Supporting Statement A
Medicare-Funded GME Residency Positions in accordance with Section 126 of the Consolidated Appropriations Act, 2021 (Public Law 116-260)
(CMS-10790; OMB-New)
Section 1886(h) of the Act, as added by section 9202 of the Consolidated Omnibus Budget Reconciliation Act (COBRA) of 1985 (Pub. L. 99-272) and implemented in regulations at existing §§413.75 through 413.83, establishes a methodology for determining payments to hospitals for the direct costs of approved graduate medical education (GME) programs. Section 1886(h)(2) of the Act, as added by COBRA, sets forth a methodology for determining a hospital-specific, base-period per resident amount (PRA) that is calculated by dividing a hospital's allowable direct costs of GME in a base period by its number of full-time equivalent (FTE) residents in the base period. The base period is, for most hospitals, the hospital's cost reporting period beginning in FY 1984 (that is, October 1, 1983, through September 30, 1984). In general, Medicare direct GME payments are calculated by multiplying the hospital’s updated PRA by the weighted number of FTE residents working in all areas of the hospital complex (and at nonprovider sites, when applicable), and the hospital's Medicare share of total inpatient days. Section 1886(d)(5)(B) of the Act provides for a payment adjustment known as the indirect medical education (IME) adjustment under the inpatient prospective payment system (IPPS) for hospitals that have residents in an approved GME program, in order to account for the higher indirect patient care costs of teaching hospitals relative to nonteaching hospitals. The regulation regarding the calculation of this additional payment is located at §412.105. The hospital’s IME adjustment applied to the Diagnosis-Related Group (DRG) payments is calculated based on the ratio of the hospital’s number of FTE residents training in either the inpatient or outpatient departments of the IPPS hospital to the number of inpatient hospital beds.

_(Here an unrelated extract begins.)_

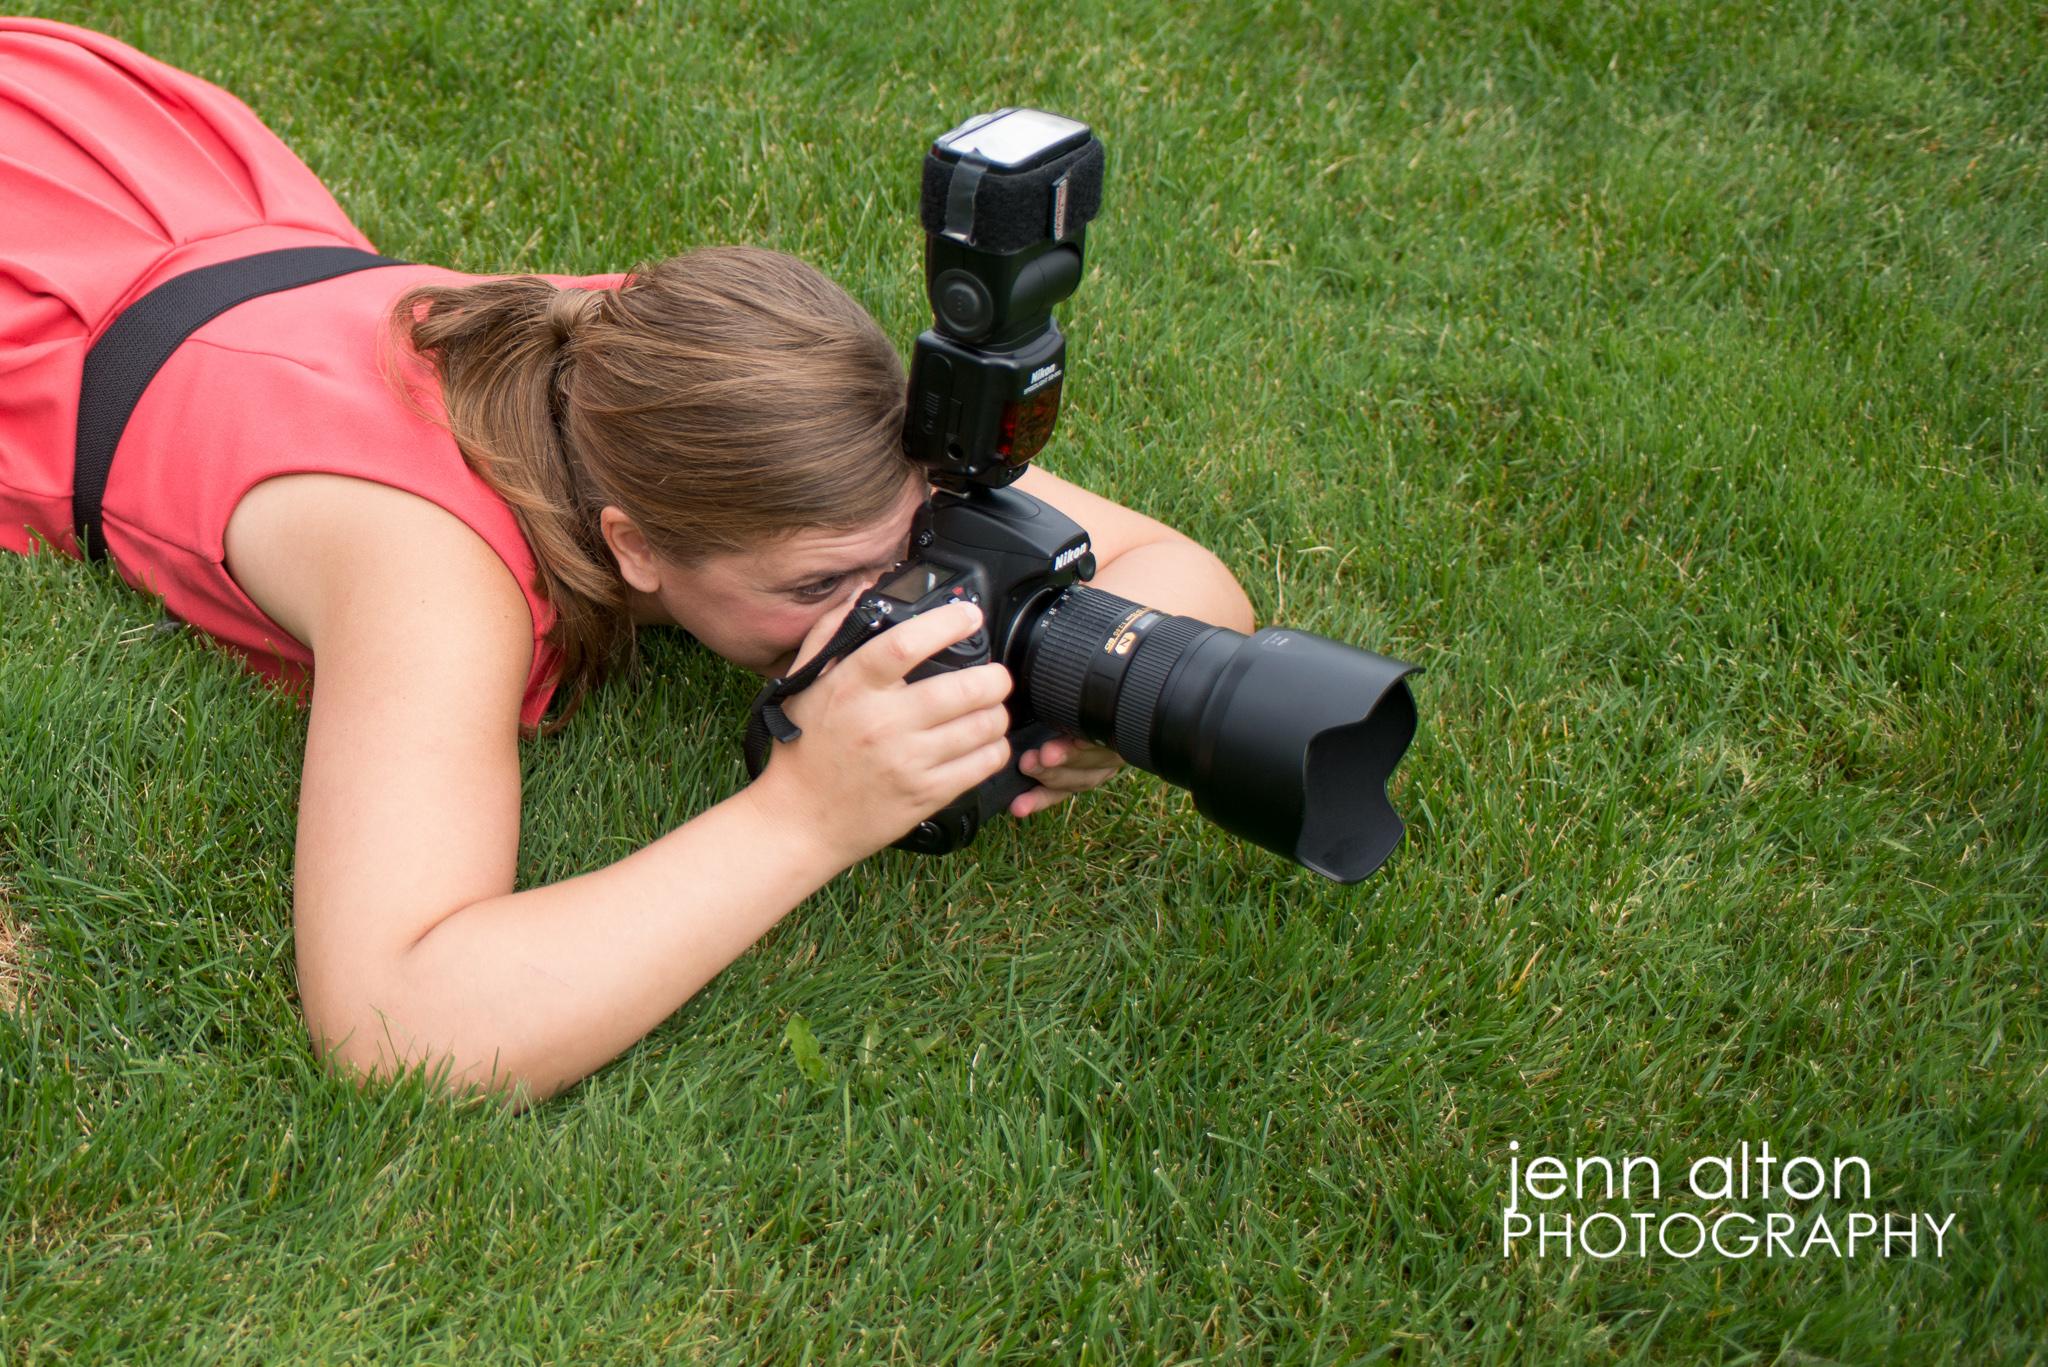 Photographer on the ground for photos

Section 1886(h)(4)(F) of the Act established limits on the number of allopathic and osteopathic residents that hospitals may count for purposes of calculating direct GME payments. For most hospitals, the limits were the number of allopathic and osteopathic FTE residents training in the hospital's most recent cost reporting period ending on or before December 31, 1996. Under section 1886(d)(5)(B)(v) of the Act, a similar limit based on the FTE count for IME during that cost reporting period is applied effective for discharges occurring on or after October 1, 1997.

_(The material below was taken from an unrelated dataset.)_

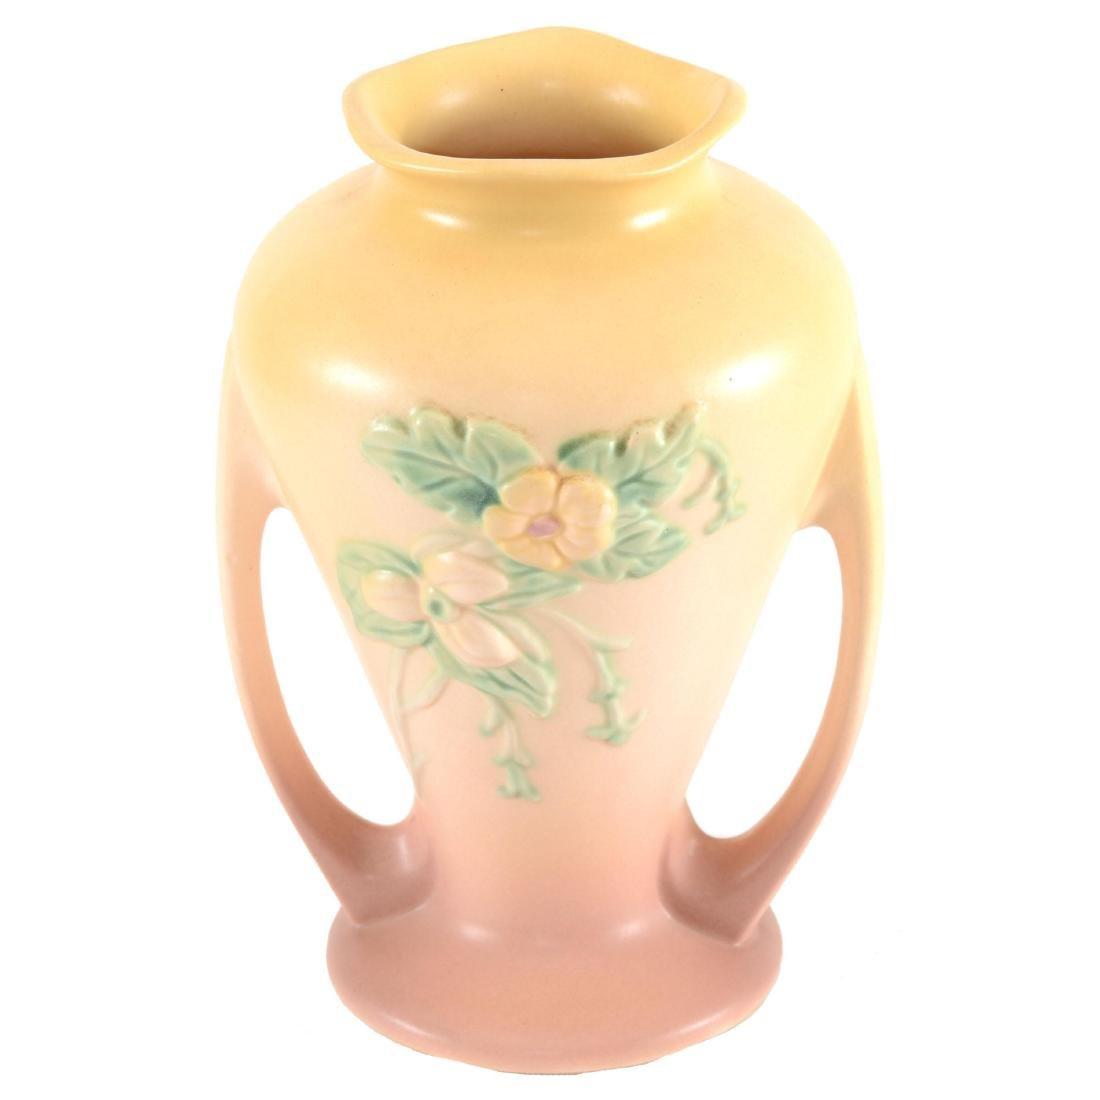 Hull Art Pottery Vase

We are seeking approval for a new collection for GME applications for additional residency positions over the limits submitted in accordance with section 126 of the Consolidated Appropriations Act (CAA), 2021.
B. JUSTIFICATION
This collection is associated with a final rule with comment period (CMS-1752-FC3;
December 17, 2021), which finalized CMS’ proposals to implement the provisions of Section
126 of the Consolidated Appropriations Act (CAA), 2021 (Public Law 116-260), enacted December 27, 2020, a key provision affecting Medicare payments for Graduate Medical Education (GME).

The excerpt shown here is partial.